Jorge “George” Santayana, a writer and philosopher whose life spanned the end of the 19th Century and the beginning of the 20th Century (b.1863-d.1952) was a contemporary of some of the worst atrocities known to man.  He is credited with having written “Those who cannot remember the past are condemned to repeat it.”  This has been popularly rewritten as “those who forget the lessons of history are doomed to repeat them” or some derivation thereof. 

I take pen in hand, metaphorically speaking, because I am afraid that the American light of freedom is fading from that torch emblazoned above the statue of Liberty. It is fading to just the flicker of a candle.  Who knows but it may yet blow out in my lifetime?  Ronald Reagan, 40th President of the United States, famously said:

Freedom is never more than one generation away from extinction. We didn’t pass it to our children in the bloodstream. It must be fought for, protected, and handed on for them to do the same, or one day we will spend our sunset years telling our children and our children’s children what it was once like in the United States where men were free.

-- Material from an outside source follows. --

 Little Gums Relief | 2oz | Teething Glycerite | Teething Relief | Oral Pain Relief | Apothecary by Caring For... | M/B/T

The Bill of Rights, which is our popular name for the 1st Ten Amendments to our United States Constitution are a list of prohibitive rights.  Prohibitive in that it designs a box which government, whether state or federal, may not intrude upon.  To my knowledge, it is the only such document that exists in such a pure and protective form on this Earth.

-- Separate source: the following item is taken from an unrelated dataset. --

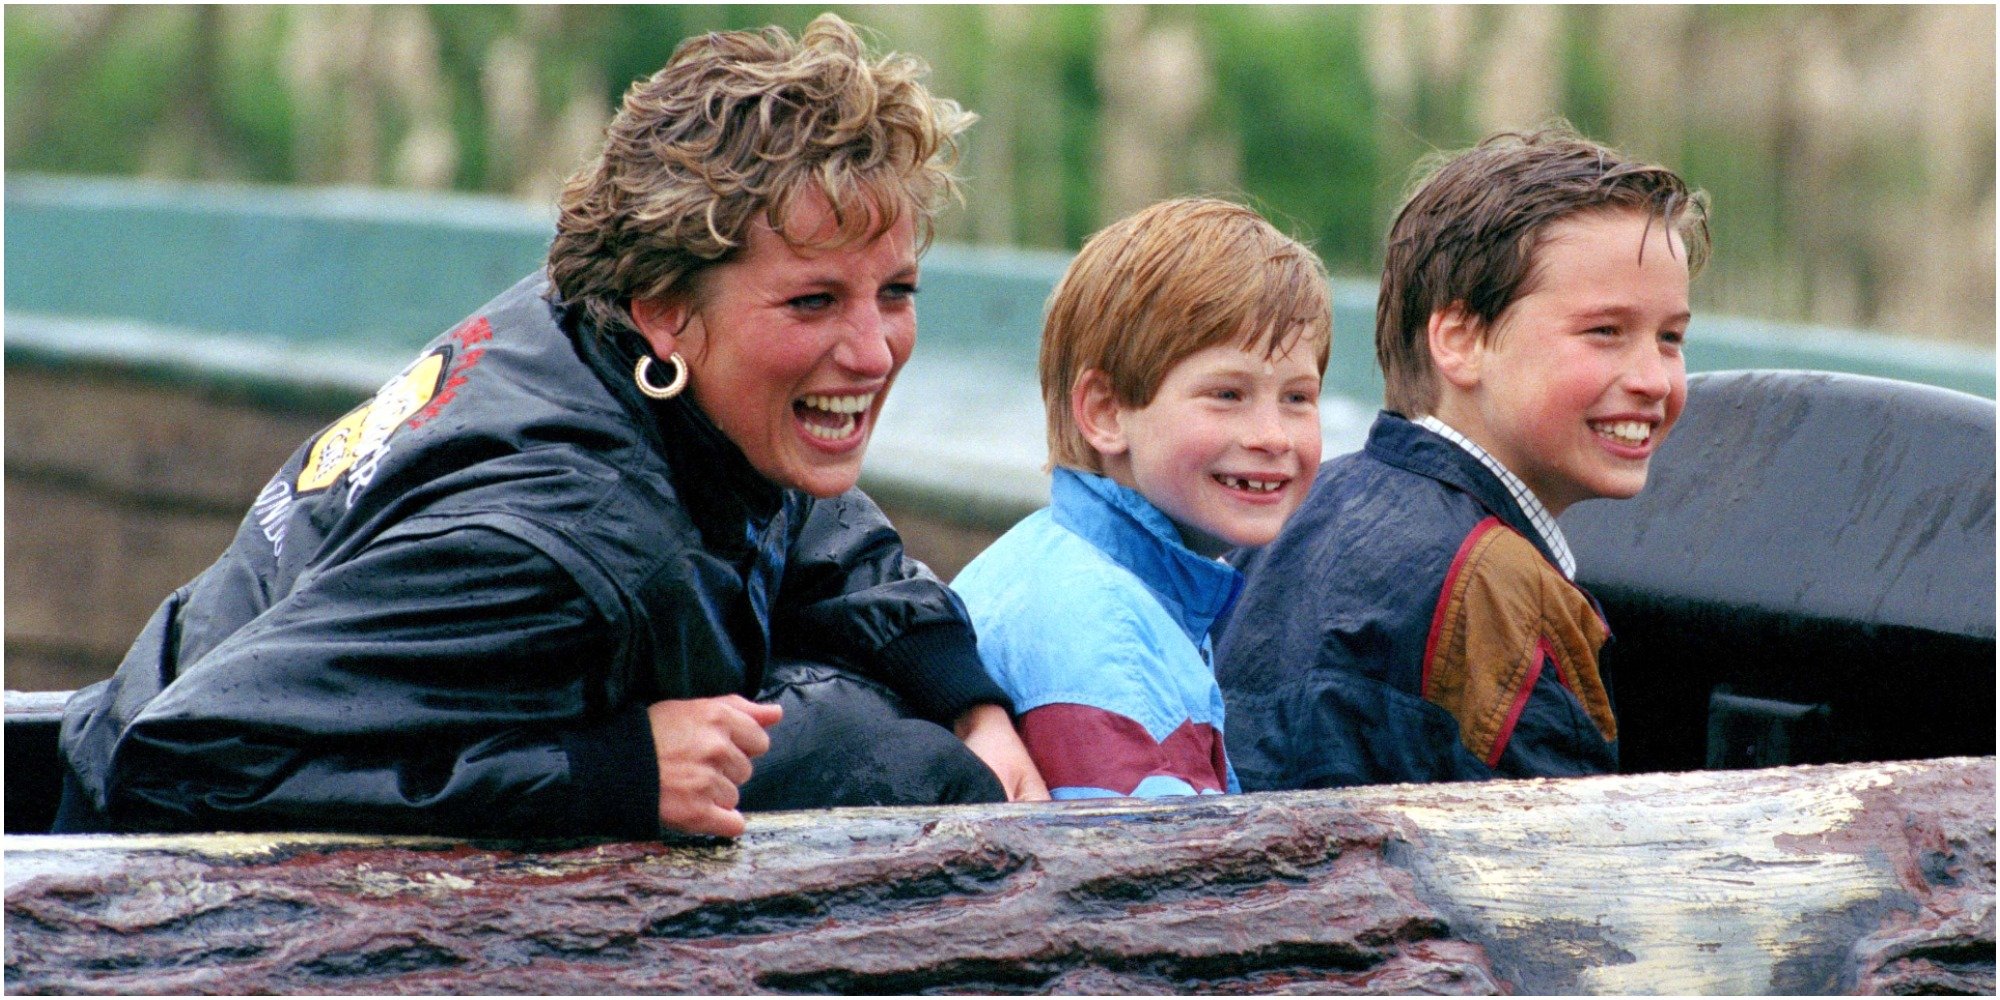 Princess Diana, Prince Harry and Prince William on a ride in a United Kingdom amusement park.

The Problem We Face Today …

The Democratic Party explicitly, and elitist-statist members of the Republican (GOP) Party, have declared war on freedom and Americans who choose to exercise our hard-won, blood-secured freedoms.  Anyone who refuses to acknowledge this fact is no better than an ostrich burying its head in the sand.  Ignoring truth and fact does not then eradicate or mitigate that truth.

Historical Lessons We Fail to Apply

Beginning in 1831, the American Government enforced the Indian Removal Act of 1830.  A law that forced the relocation of multiple civilized Indian nations from their ancestral lands.  They were moved to Oklahoma, and then even this zone was opened for settlement as American westward expansion continued.  Why was this done?  Simple.  Money.  Moving the Indian Nations made these areas open for settlement.

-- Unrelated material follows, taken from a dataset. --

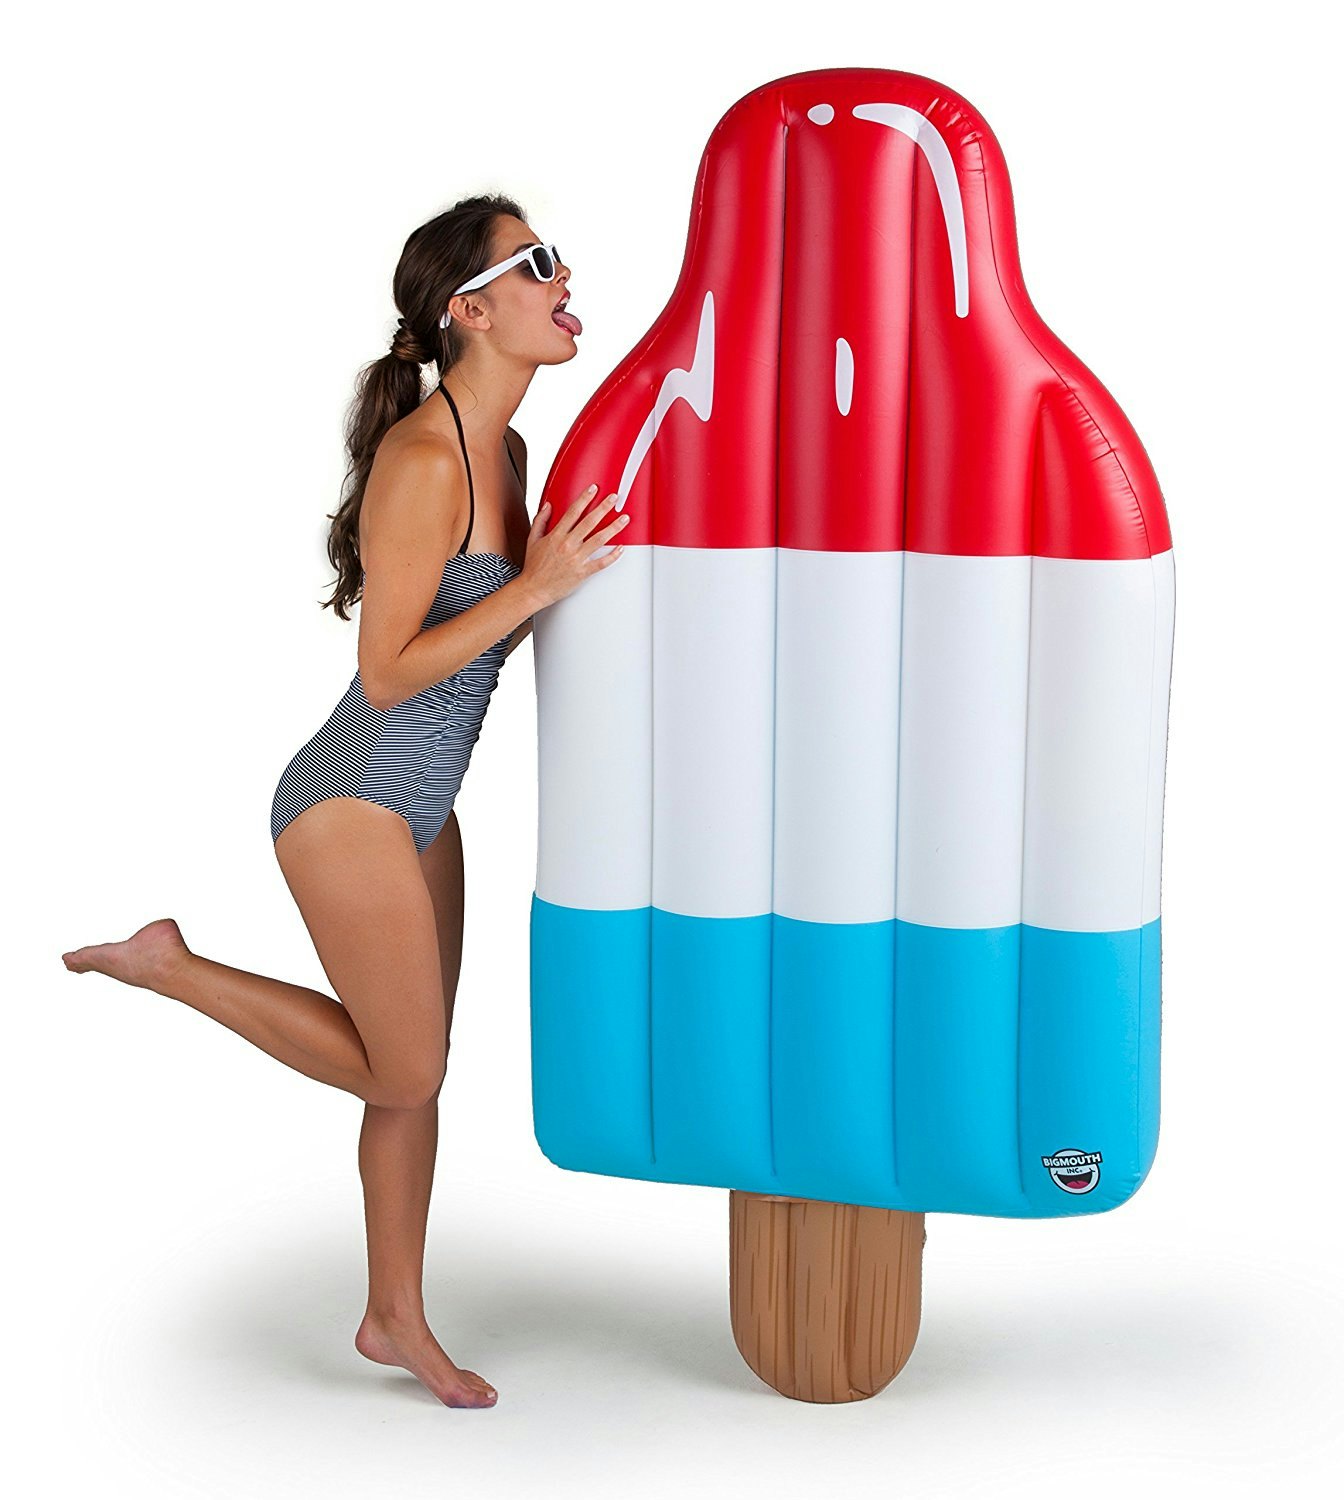 Red, White, & Blue Pool Floats Are Here To Ensure You're Making A Splash  This Summer

In February of 1942, President Franklin D. Roosevelt (FDR) issued Executive Order 9066.  This order displaced between 115,000 and 127,000 Japanese Americans, the majority of whom were American citizens without any due process.  Decades later President Reagan signed a bill which paid reparations totaling more than $3 Billion dollars to reimburse these patriots whose only crime was to be of Japanese descent.  Why did this happen in our freedom loving nation?  Fear.  Panic.  Stupidity. Racism.  Take your pick.  All were factors.

What do these two well-documented historically repugnant facts tell us about government?  The bald-faced and disturbing facts are that when men believe that they are either entitled or “right” they will trample upon the rights and existence of those who cannot defend themselves.  These repulsive and wholly unsettling events should bring us pause before we rush headlong to deny someone their rights to live their lives unencumbered and in pursuit of their own beliefs.

The Founding Fathers wrote in the Declaration of Independence

“We hold these truths to be self-evident, that all men are created equal, that they are endowed by their Creator with certain unalienable Rights, that among these are Life, Liberty and the pursuit of Happiness.”

Yet, we find that our individual liberties are assaulted on every side.  The words of John Locke, an intellectual forefather of the American Revolution, described our divine right to pursue “life, liberty and property,” but these rights are now in a forced retreat.